Just north of the Chilean city of Iquique, a giant wall of sand rises up like a petrified tidal wave. On its far side lies the Atacama, the world's driest desert, a 40,000-square-mile wasteland not unlike the surface of the moon. No plant life grows here, not even cactus. In fact, in parts of it there is no record of rainfall—ever.
Thankfully, the desire to golf knows neither bounds nor reason, which explains the existence of the Club de Golf Playa Blanca, located roughly forty bone-rattling minutes by car into the desert. Although a marginal golfer, I am a connoisseur of the exotic. So when I heard about Playa Blanca while traveling in northern Chile, I was drawn to it like Darwin to the Galápagos Islands.
The rough road to Playa Blanca is lined by animitas, shrines to highway tragedies in the form of wooden crosses. When it comes to intimidation, it has Magnolia Lane beat by a mile. I steered my rental car past a gate to the brick-and-stone clubhouse, where I found Hector Ruiz, a grizzled local, manning the desk.

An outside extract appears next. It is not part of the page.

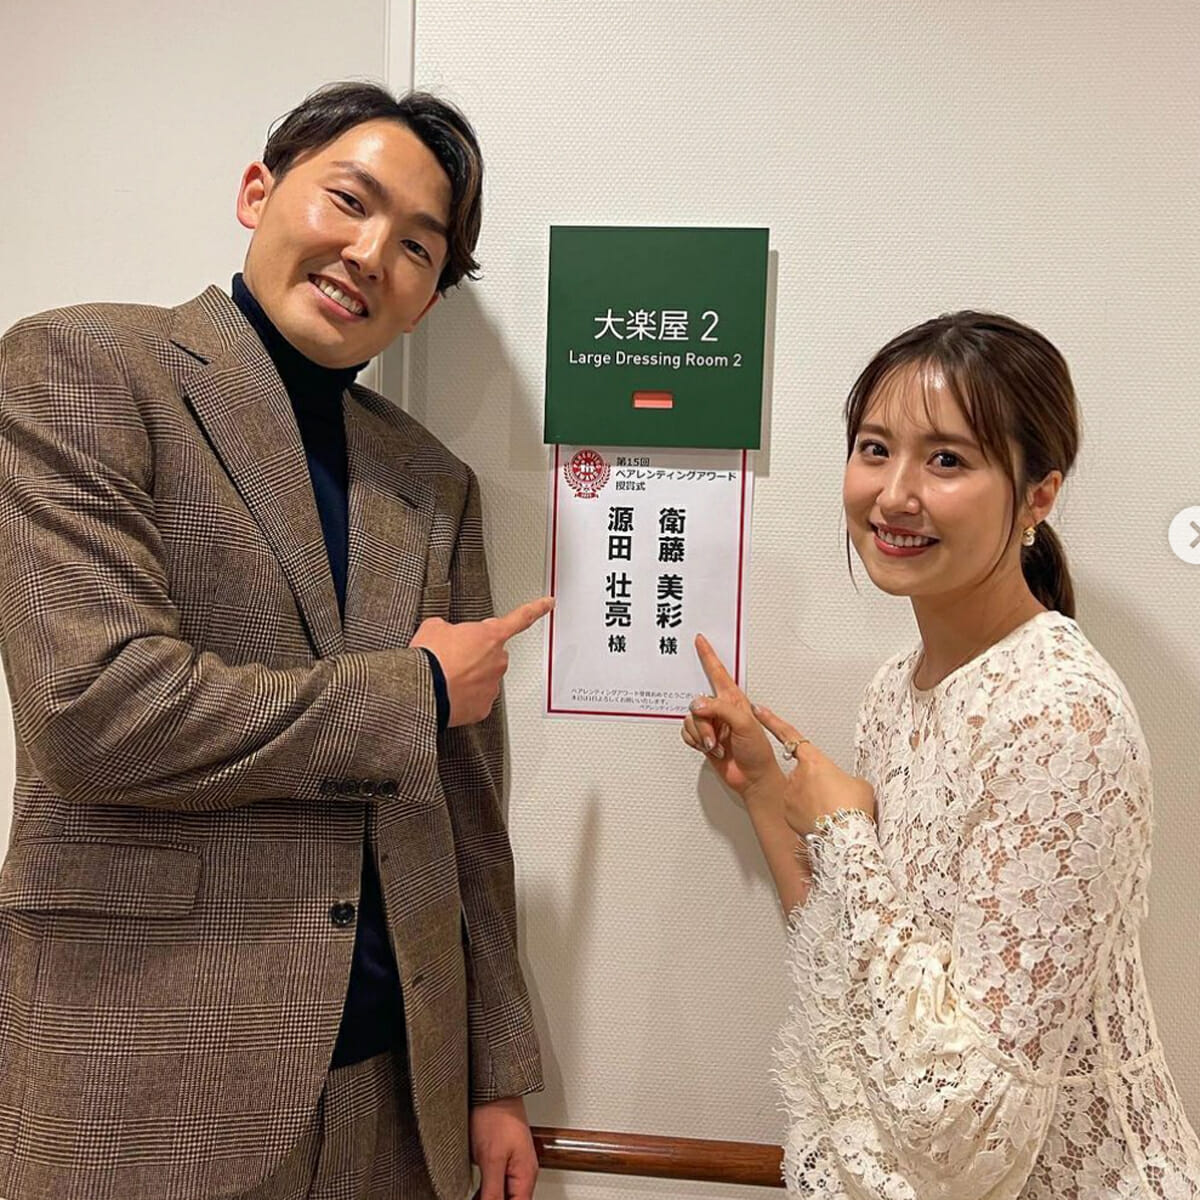 源田壮亮の妻・衛藤美彩が「乃木坂イチの勝ち組」認定された一枚の写真

In Spanish, Ruiz recited the golf course's history: European mining executives from the saltpeter boom of the 1910s brought the game to this unlikely spot, sketching out a course for fun. "They wore white overalls and rode horses between holes," said Ruiz, who caddied at Playa Blanca during the Second World War. "Originally the holes were peach cans buried in the sand. Now we are certified and official, just like a normal course."
Ruiz then warned me that a day of golf at Playa Blanca is an abbreviated affair that typically ends by noon, when daily windstorms, especially in summer, send dust devils ripping through the area like mini tornadoes.
Just like a normal course.
Luckily, I had arrived at 8:30, in time to squeeze in a full eighteen. After I paid my $15 greens fee and borrowed a set of clubs, Ruiz handed me my "grass," a piece of truck tire perforated with bushy plastic spikes. This improvised Astroturf, he said, would be both tee box and fairway.
I joined a threesome on the first tee: a local marine officer, an electrical engineer and a Taiwanese businessman whom the others (speaking English) called "Playboy." I shook their hands, dropped my mat on the sand, placed my ball on it and swung away.
The first thing I noticed is that Playa Blanca is, essentially, a work of fiction, as neither water nor vegetation exist. "Water" is outlined by blue-painted rocks laid out in lagoon-shaped pods. Bunches of green rocks serve as trees. The greens, far from green, are a mixture of seashells, sand and motor oil spread around the hole.
I had played my share of desert golf, but this was something else. Case in point: On the eleventh, a simple 132-yard par three, my seven-iron clipped a corner of the carpet, scurrying the ball low and embedding it in a dune. I hacked into the buried lie and flew the ball over the green into a "bunker," a scooped-out hollow lined with ground seashells. Several unmitigated disasters ensued, and by the time I'd sunk my last putt, my partners were already on the next tee.
I wanted to hurry but . . . did I mention that at Playa Blanca scorpions are known to hide in the cups?